Jack Mostow
Robotics Institute, Language Technologies Institute, and Human-Computer
Interaction Institute, Carnegie Mellon University
Co-PI: Maxine Eskenazi
Language Technologies Institute, Carnegie Mellon University
Project LISTEN, 215 Cyert Hall
CMU-LTI, 4910 Forbes Avenue
Pittsburgh, PA 15213-3734
Phone: (412) 268-1330
Fax : (412) 268-6298
Dr. Maxine Eskenazi (max@cs.cmu.edu) - recording, labeling, database structure, final data processing
Dr. Jack Mostow (mostow@cs.cmu.edu) - forced alignment, automatic generation of files, children and reading
Children's speech database, Project LISTEN, continuous speech recognition, oral reading
Proposal Summary
The objective of this project is to create a database of children's read speech with the digital quality needed for speech research. Such data is unavailable today, but essential to achieving effective speech communication between children and machines.

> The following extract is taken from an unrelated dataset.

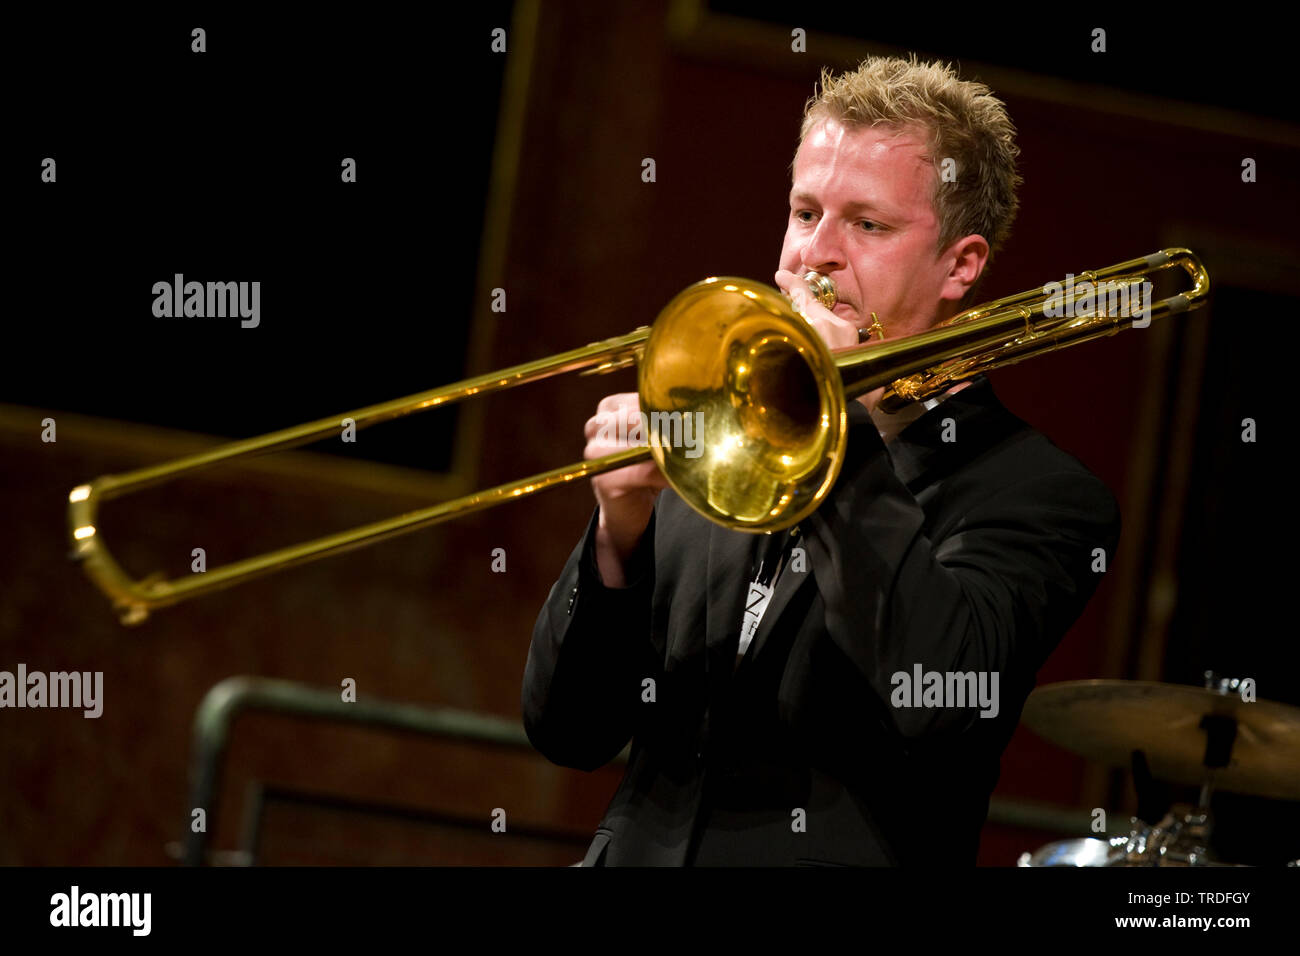 Several trumpeter playing in a concert hall Stock Photo

The methods to be employed include selecting appropriate texts to be read, recording good and poor readers, labelling the speech, verifying the quality of the labels, and organizing the data into an easily accessible form.
A database of children's speech is a key enabling condition for applications in education, entertainment, and other socially and economically important fields. Expected direct impact of the work includes making the database available to the Linguistic Data Consortium for distribution to speech researchers.
Applications include an automated reading coach that listens to children read aloud, and helps when needed. A prototype of such a coach was developed with previous NSF support, but its usability and robustness were limited because its speech recognizer was trained on adult speech. A children's speech database is necessary to achieve the required accuracy in listening.
Brief Summary of Progress to Date and Work Still to be Performed
This database is comprised of sentences read aloud by children. The children range in age from 6 to 11 and were mostly in first through third grades at the time of recording. There were 24 male and 52 female speakers. There are 5180 utterances in all.
As of June, 1997, the database is undergoing final verification prior to CD-ROM publication of the corpus by the Linguistic Data Consortium at the University of Pennsylvania.
David Graff at the LDC provided assistance in adapting the data files and organizing the corpus for publication; he also created or regenerated the various table files to be consistent with the published form of the corpus, and contributed to the documentation.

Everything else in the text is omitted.